Vinicius

Vinicius | Foto: @RealMadrid

José Ángel Rodríguez S. | AVS Photo Report

 

Barcelona, España.- Vinicius, una vez más en el ojo del huracán desde el fin de semana, cuando recibió una histórica pitada del Bernabéu, se reconcilió el martes con parte de su juego, pero no con la grada.

El brasileño dio dos asistencias y marcó un gol que no celebró con el público en la goleada del Real Madrid 6-1 sobre el Mónaco, en la penúltima jornada de la ronda eliminatoria de la UEFA Champions League.

«Los últimos días han sido muy complicados para mí, para todos los compañeros, pero sobre todo para mí por los pitidos, por todo lo que se habla sobre mí», dijo Vinicius a la UEFA. «Siempre estoy en el foco y no quiero estarlo por cosas fuera del campo, sino por todo lo que he hecho por este club, pero la exigencia es grande y tengo que hacerlo cada día. Intento darlo todo por esta camiseta y el club que me ha dado tanto».

El atacante fue el futbolista más señalado por la afición luego del despido de Xabi Alonso y la eliminación de la semana pasada por la Copa del Rey, contra el Albacete.

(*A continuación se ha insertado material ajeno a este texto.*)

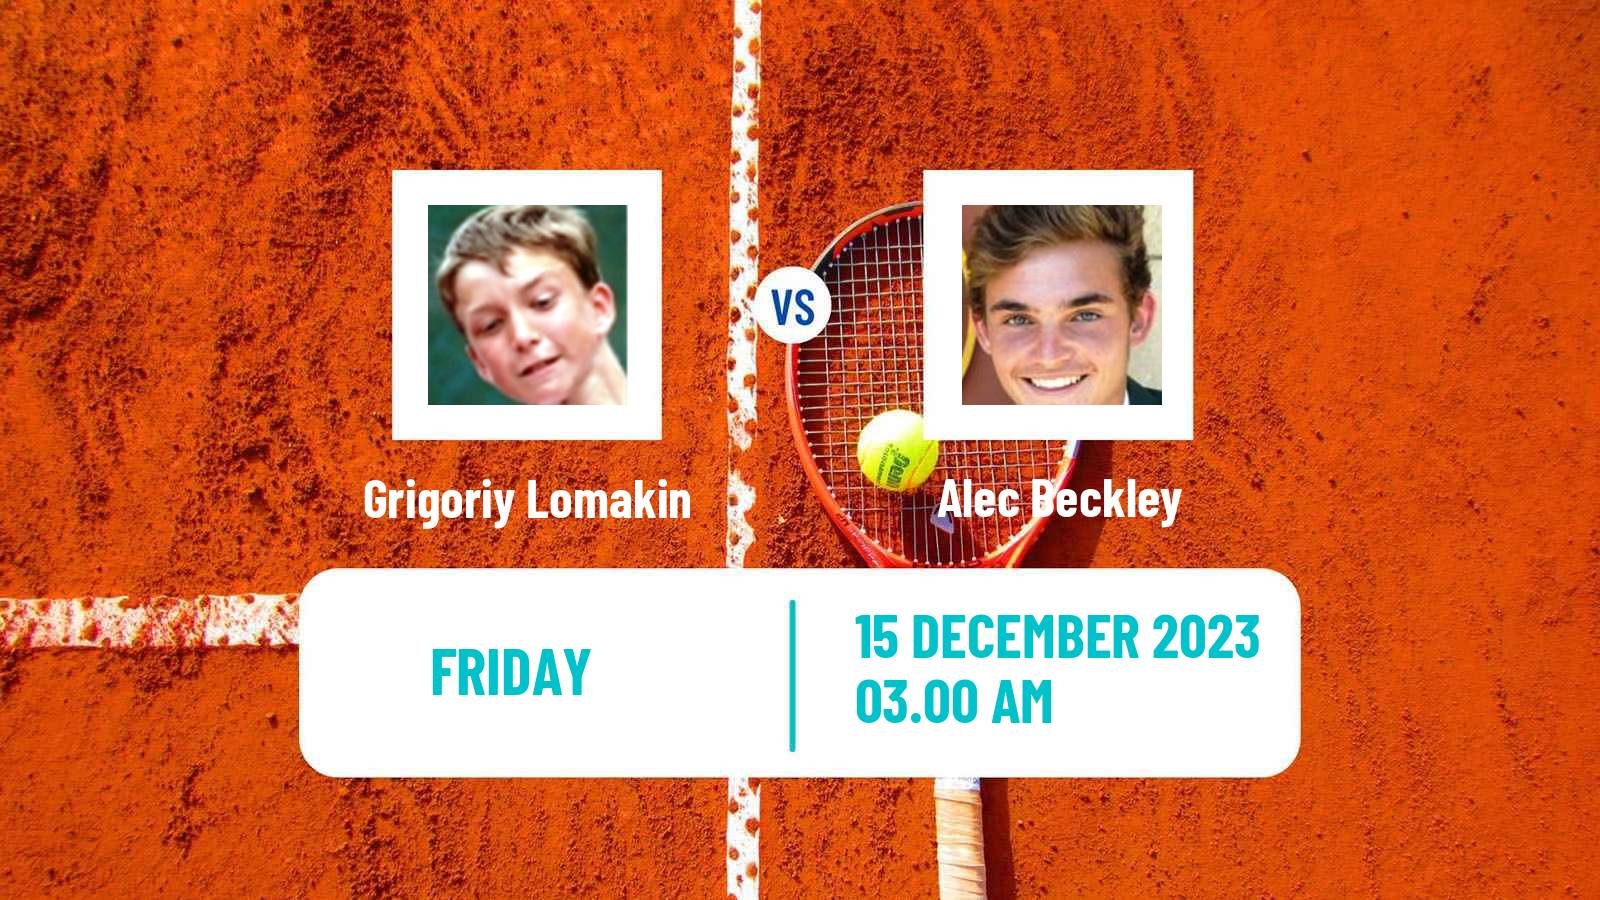 Tennis ITF M15 Sharm Elsheikh 20 Men Grigoriy Lomakin - Alec Beckley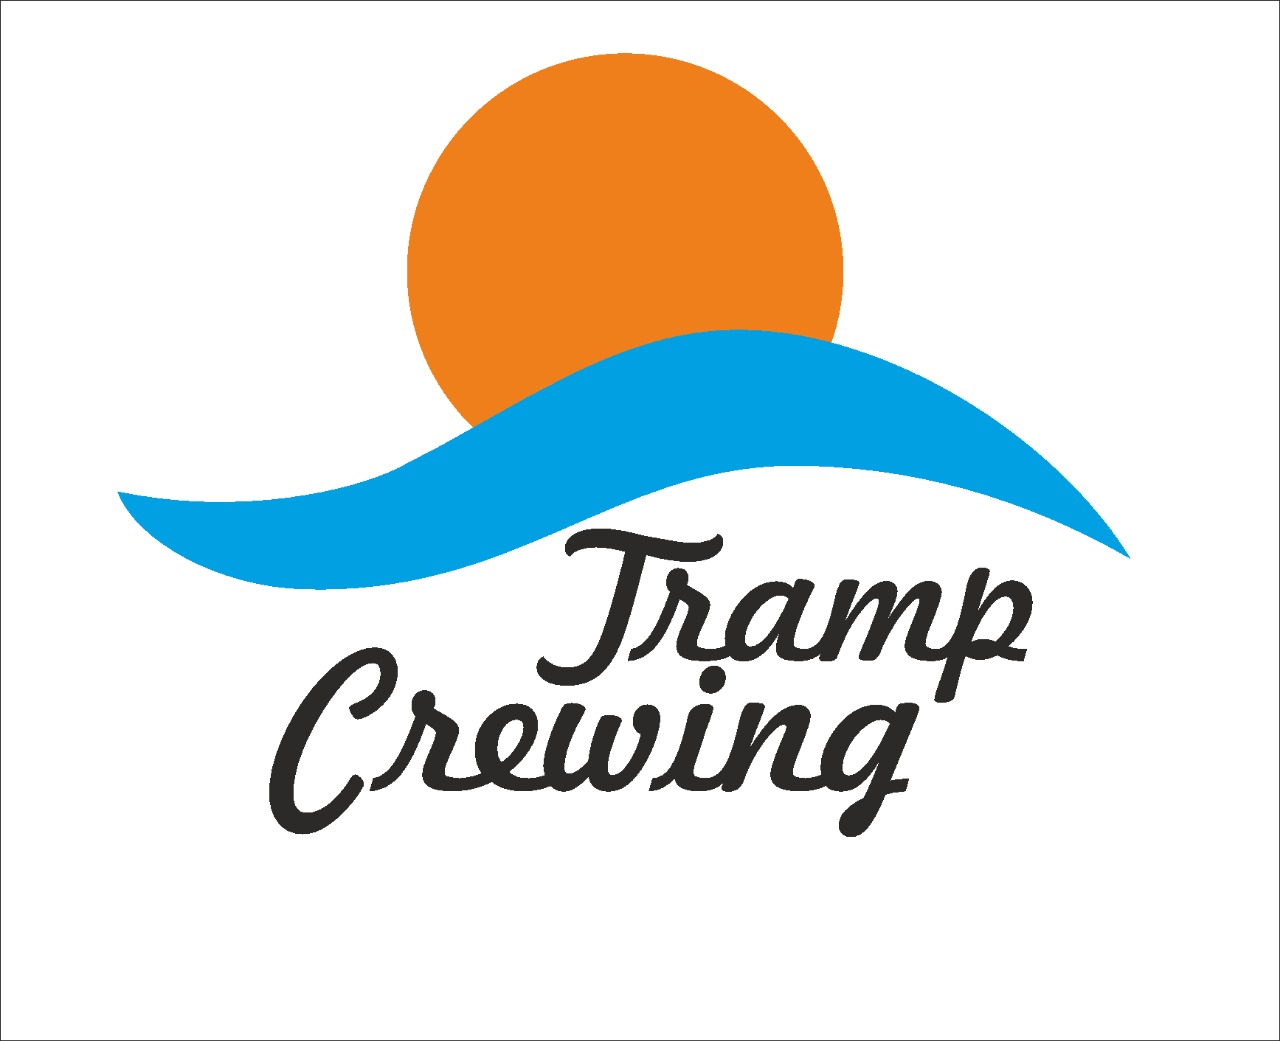 Maritime Agency “Tramp Crewing”

“En los últimos partidos no me sentía cómodo porque cada vez que las cosas iban mal o hacía algo mal, la afición me abucheaba», comentó Vinicius a TNT Brasi. «Pero ellos tienen su derecho, pagan una entrada cara para eso. No lo entiendo, pero estoy aquí para seguir luchando por este club que me ha dado tanto».

LA RENOVACIÓN DE VINICIUS

El joven extremo atraviesa la crisis con una parte del graderío en su penúltimo año de contrato. Lo que resta de temporada, será clave para conocer si ampliará su vínculo con el club o, por el contrario, separarán caminos.

«Todavía me queda un año de contrato. Estoy tranquilo con eso. Confío en el presidente y él confía en mí», afirmó Vinicius. «Tenemos una relación muy buena y, cuando llegue el momento, arreglaremos las cosas. No tenemos prisa».

Álvaro Arbeloa, por su parte, nuevo entrenador del Madrid, también recalcó su apoyo irrestricto al jugador, quien le buscó en el banquillo para darle un abrazo durante la celebración de su gol.

«Ese abrazo era al madridismo», apuntó Arbeloa. «Él sabe que tiene toda mi confianza y casi la obligación de sacar toda su magia. Si está feliz, es el más desequilibrante».